** What is being asked **
What follows is a listing to transcribe exactly, leaving the pictures out.

** Dataset excerpt **
- - -

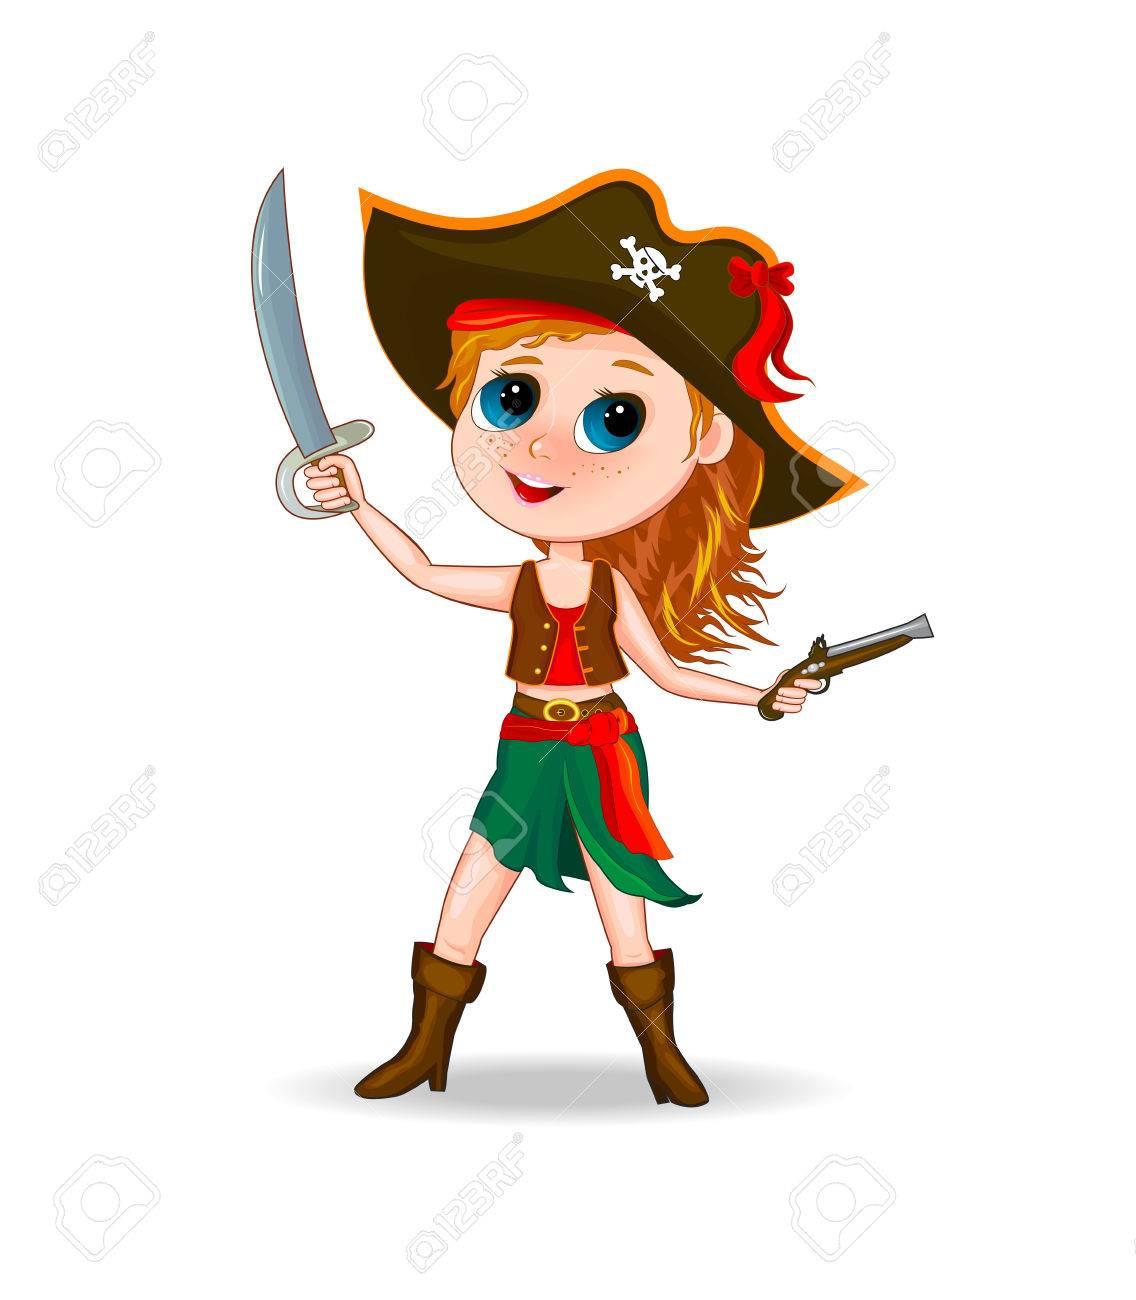 Petite Fille Dans Un Costume De Pirate Fille De Dessin Animé Vêtu D Un Costume De Pirate Avec Un Chapeau Sur La Tête Et L épée à La Main
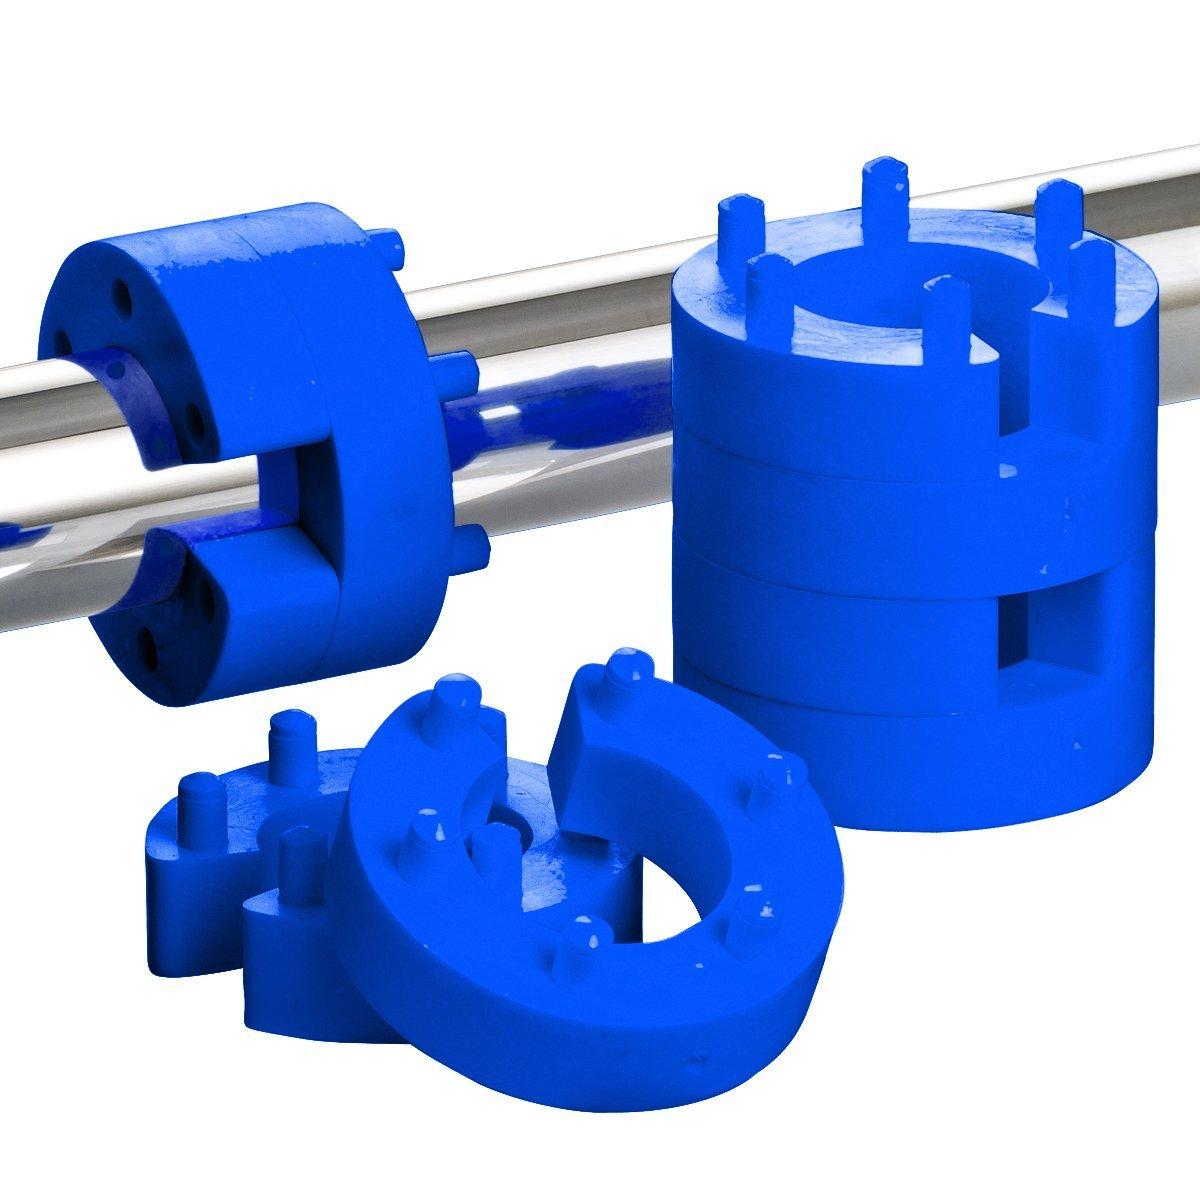 8er Set 13mm Federwegsbegrenzer Blue Line mit 6-Fach Positionierung Federwegbegrenzer xenohype
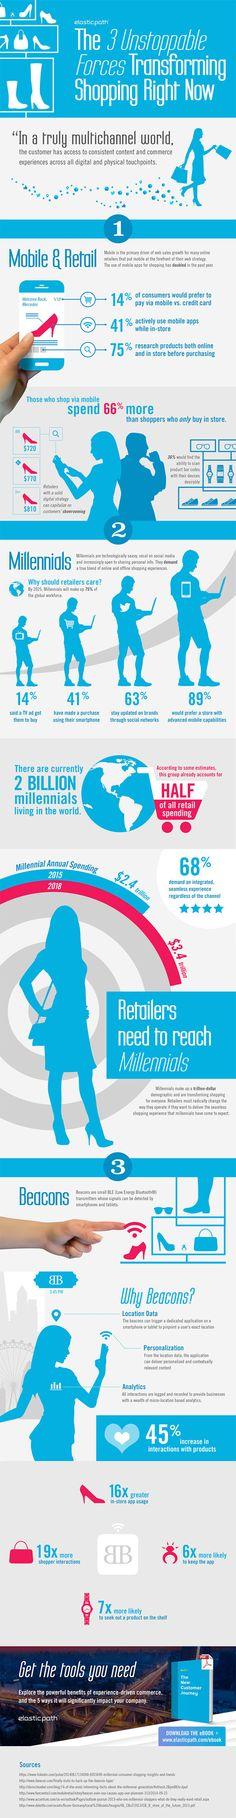 La transformación del Comercio #mobile #millenials #ecommerce
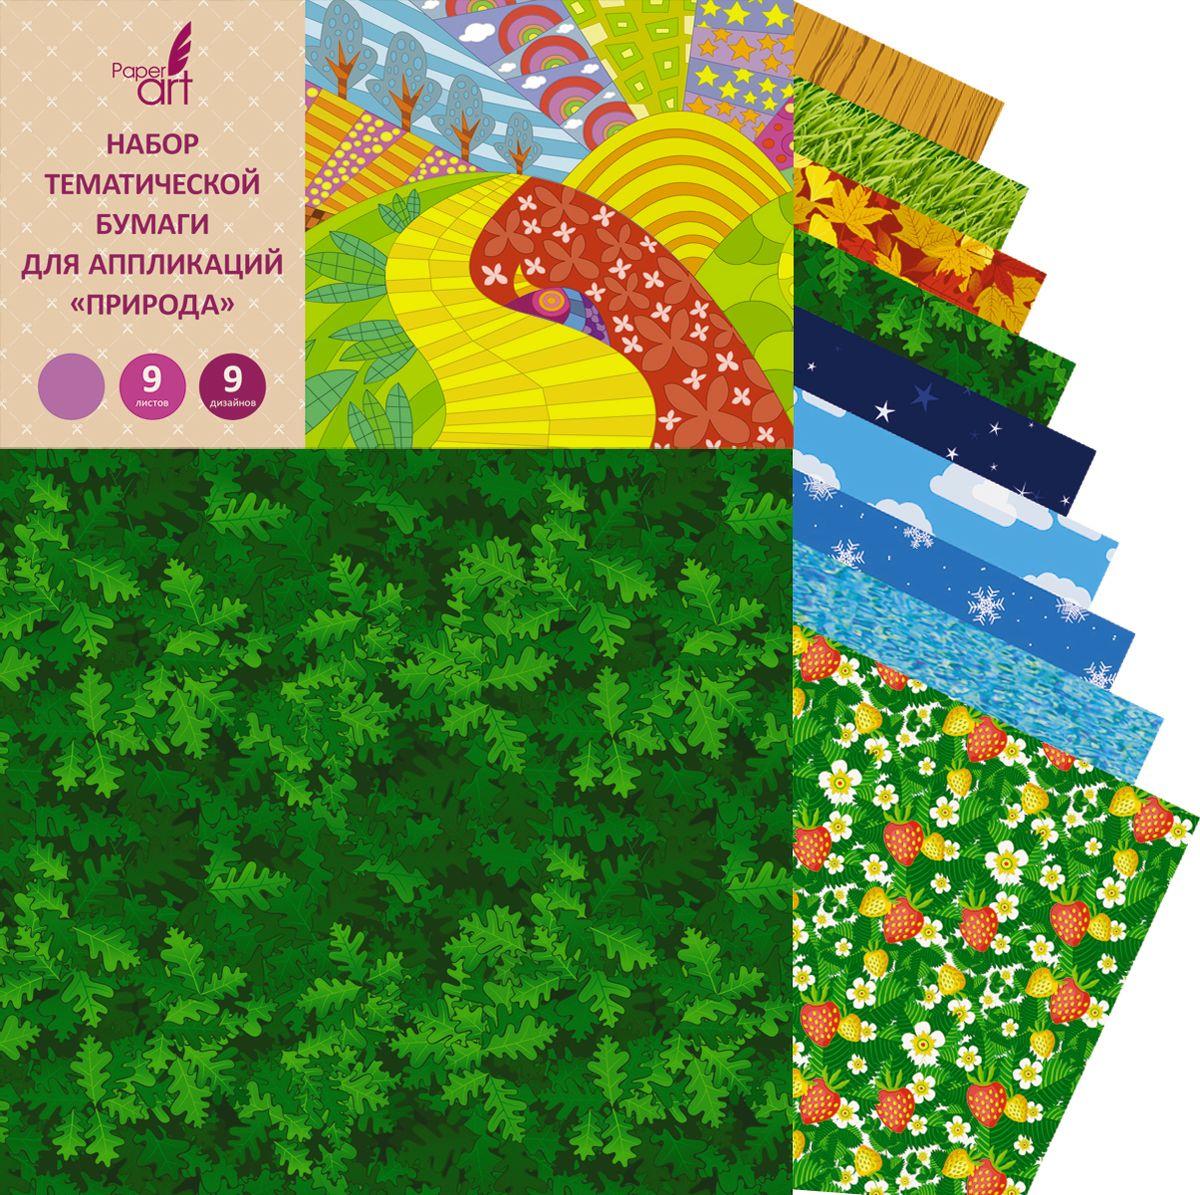 Канц-Эксмо Набор тематической бумаги для аппликаций Paper Art Природа 9 листов 9 дизайнов

- - -

** Reply to the task **
 Petite Fille Dans Un Costume De Pirate Fille De Dessin Animé Vêtu D Un Costume De Pirate Avec Un Chapeau Sur La Tête Et L épée à La Main
 8er Set 13mm Federwegsbegrenzer Blue Line mit 6-Fach Positionierung Federwegbegrenzer xenohype
 La transformación del Comercio #mobile #millenials #ecommerce
 Канц-Эксмо Набор тематической бумаги для аппликаций Paper Art Природа 9 листов 9 дизайнов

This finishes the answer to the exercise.